Dr. Ankit: The most important part of the eye exam for young myopic patients is giving them the right refraction to correct, maintain, and preserve their eyesight. Although parents and patients understand refraction well, it is less precise in detecting small changes in myopia than axial length assessment. For example, I’ve found that parents are frustrated when their 8-year-old child progresses by -0.50 in a year or their axial length grows by 0.15mm, despite the fact that both of these measures indicate a good outcome at that age. Both measurements are crucial indicators of higher eye disease risk and require context and explanation to properly understand.
TIO: What does management as a component of the standard of care for myopia management suggest to you? How do you put that into practice?
Dr. Ankit: Myopia management involves more than refractive error correction. It begins with educating parents on myopia’s developmental growth and its short- and long-term impact, followed by advice on the visual environment, such as increasing outdoor time and limiting screen time, and finally, choosing the best optical intervention for the child to correct and slow myopia growth.
TIO: At what age do you suggest initiating a myopia management intervention with a child? What factors influence your decision-making?

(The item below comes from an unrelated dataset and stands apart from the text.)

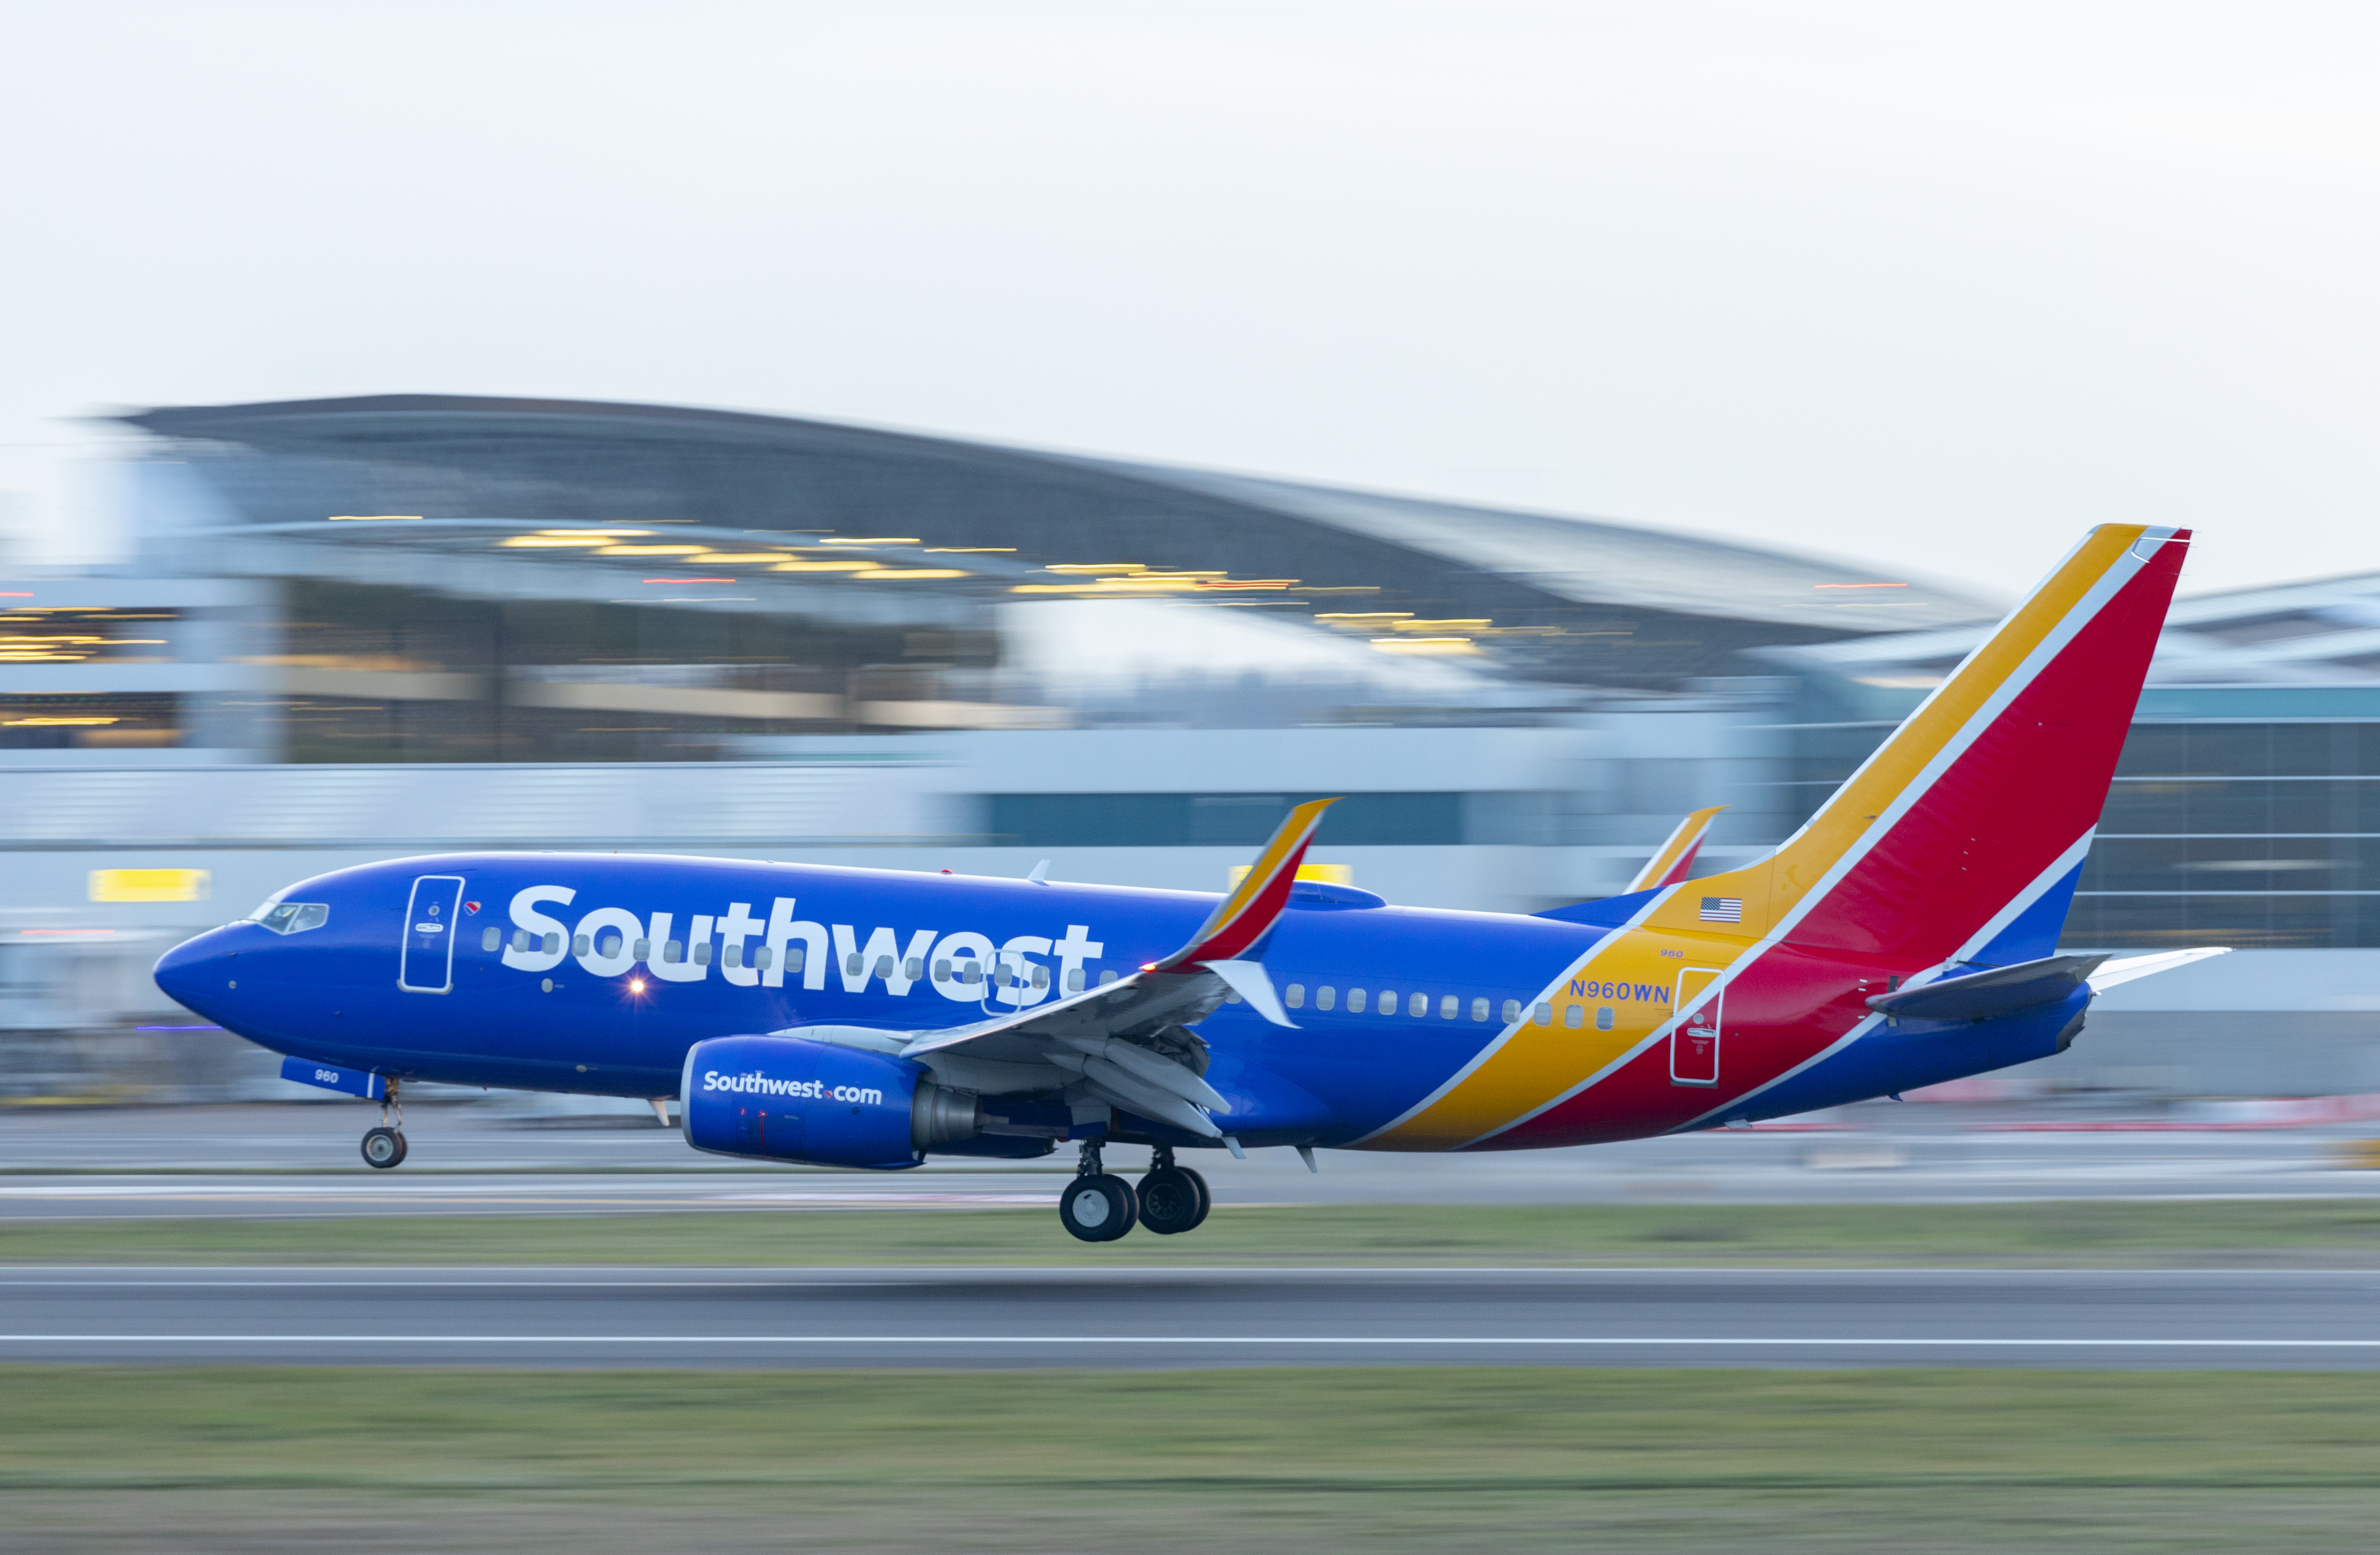 Aerolíneas como Southwest, PLAY y Air New Zealand han optado por usar color en todo

Dr. Ankit: Starting myopia management as soon as a child develops myopia, regardless of age, is recommended because myopia increases more quickly around the time of onset and progresses faster in younger children, leading to higher levels of myopia in adulthood. It’s important to have a variety of interventions available that match the child’s circumstances and lifestyle at different life stages. Traditional myopia correction methods such as single-vision spectacles or contact lenses are not recommended for children under 15 who are at risk of developing myopia.
TIO: How do you determine which myopia management intervention is most appropriate for each patient?

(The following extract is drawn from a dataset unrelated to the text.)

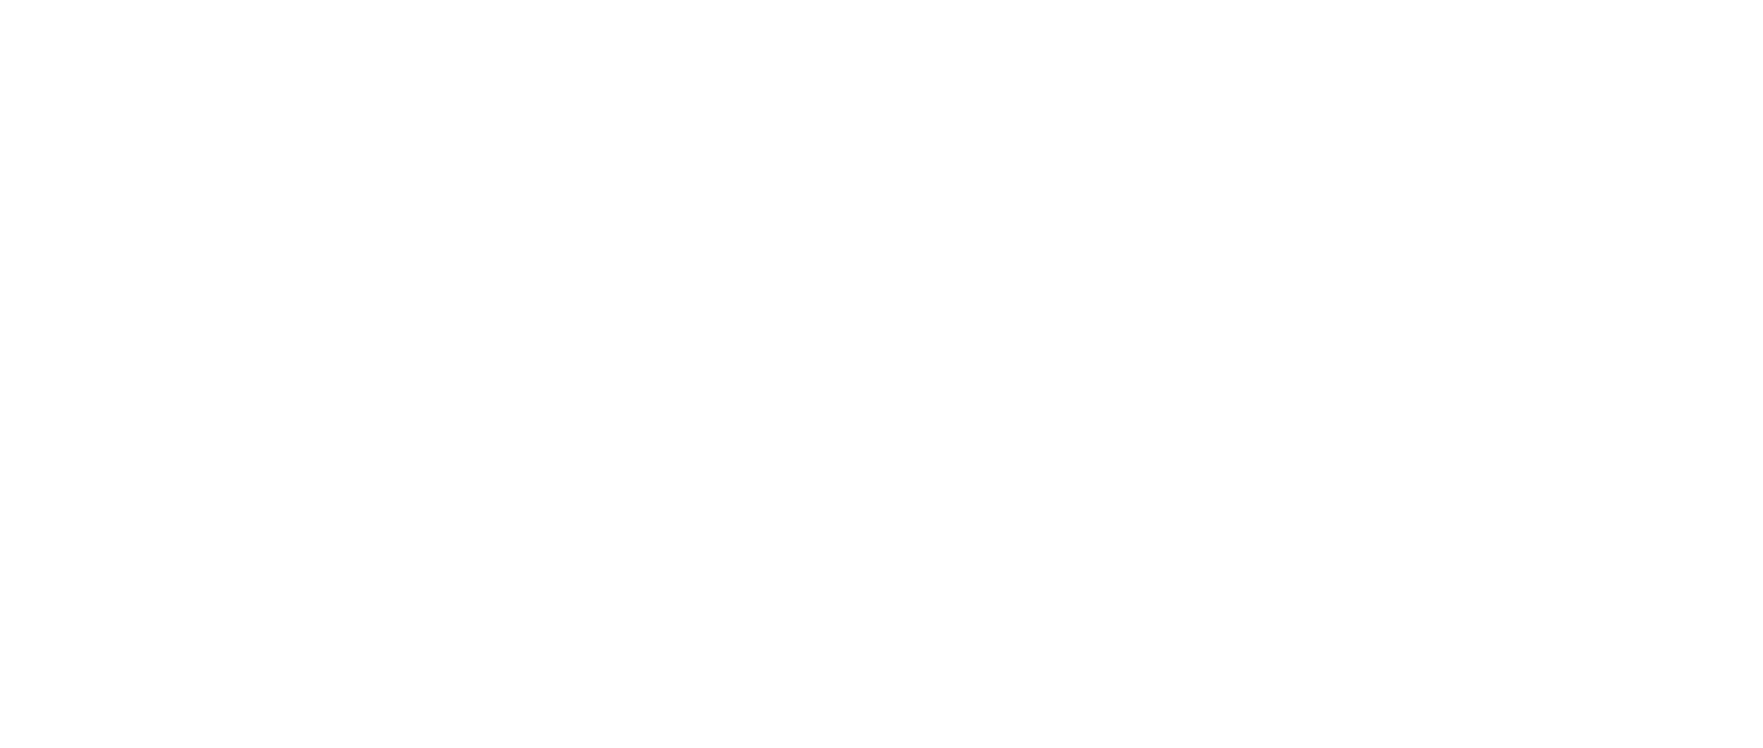 University of Technology, Sydney logo

Dr. Ankit: Interviewing parents about their children’s lifestyle is crucial to evaluating the most effective myopia management strategy. This helps determine if the child will comply with the recommended approach. Myopia control glasses are used when single-vision contact lenses are ineffective, and 0.01% atropine is prescribed by an ophthalmologist to slow the progression of myopia. However, this treatment is generally only available to affluent families in India.
TIO: What circumstances can cause you to reconsider your myopia management intervention choice?

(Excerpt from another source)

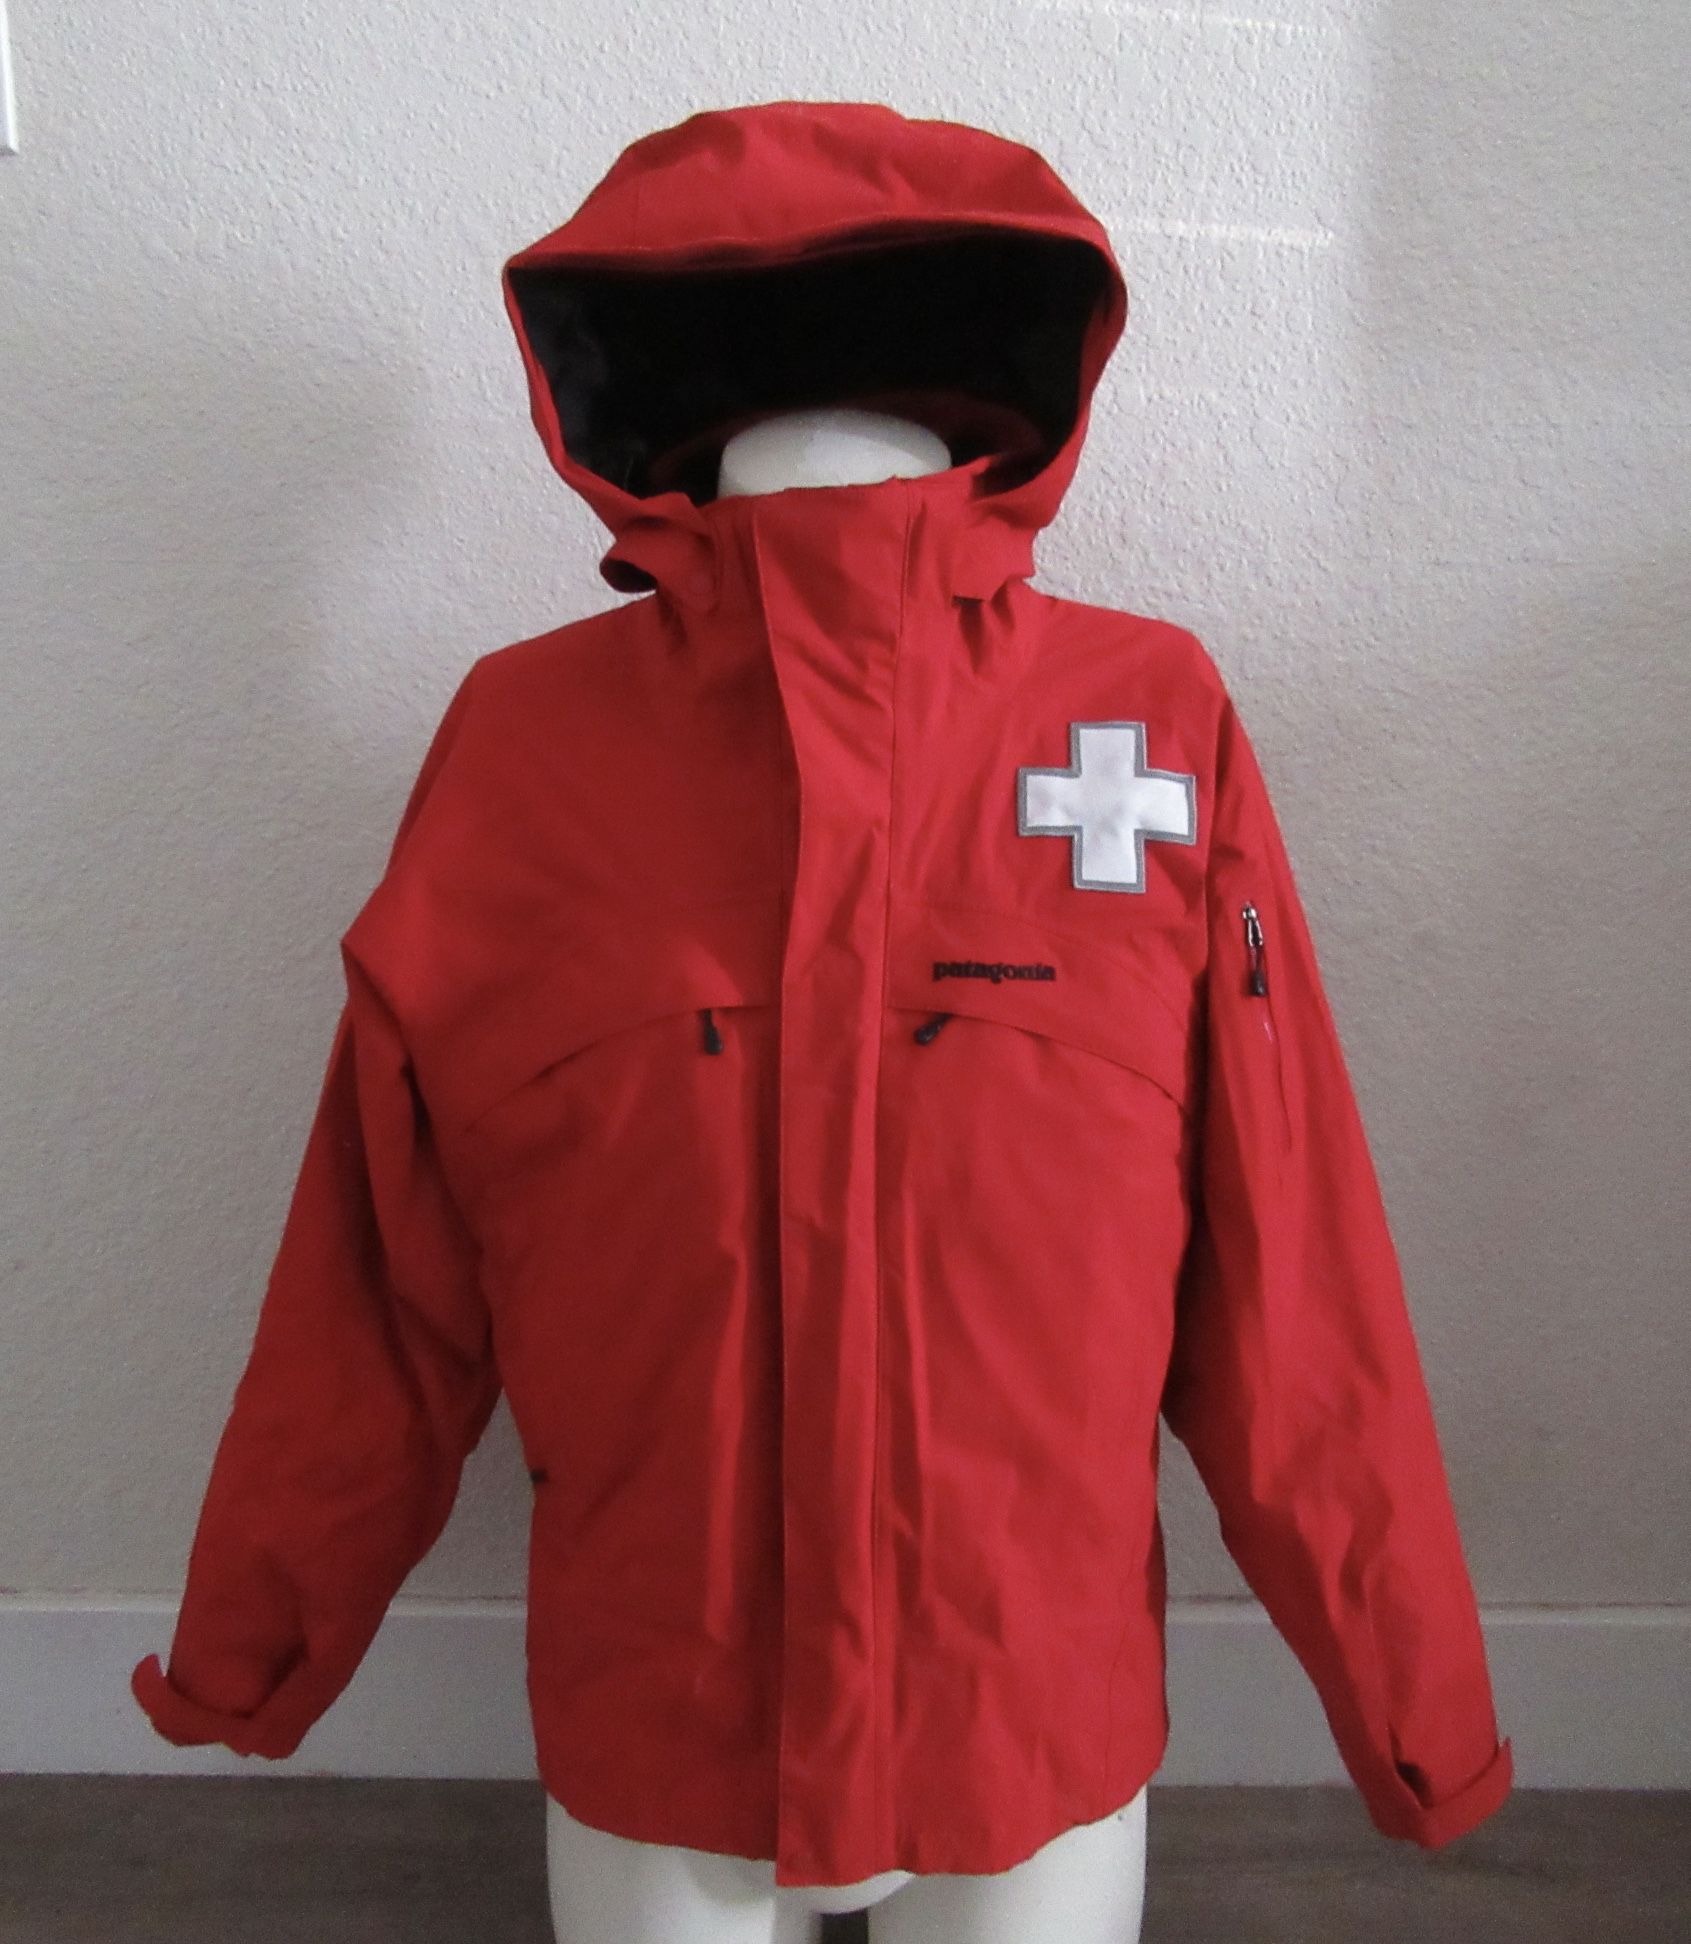 Men's Size Small Patagonia Red Ski Patrol Hooded Reflective Jacket Coat

Dr. Ankit: To control myopia growth, a switch or combination of management options may be necessary. Combining atropine with other methods has shown positive results. Non-compliance may require me to change to a more suitable option or stop intervention altogether. If a poor response or side effects occur, it’s advisable to change or terminate the intervention.
TIO: When do you normally consider discontinuing your myopia management method, and how do you follow patients once the intervention has ended?
Dr. Ankit: Most myopes stabilise by age 18, but some may continue to progress into their twenties. Effective management techniques are important, and the consequences of stopping should be considered, including the need for continued vision correction. After stopping, the patient’s vision and comfort should be assessed, and continuous monitoring of eye health should be emphasised.
TIO: Finally, what does early prevention mean to you as part of the standard care for myopia management? How do you put it into action in your practice?
Dr. Ankit: Coming from a family of eye care professionals (ECPs), I had “traditionally” practiced myopia correction, so making the transition to myopia management as a standard of treatment was difficult. As the saying goes, everything unique needs time to be accepted. In my efforts to make this shift, I’ve encountered a lot of “wait and watch” mindsets.
In 2020, my practice became focused on myopia management, and the greatest challenge now is getting children to come in for eye exams. To encourage more visits, I urge adult patients to bring their children for exams and use social media and articles in local media to promote paediatric eye care.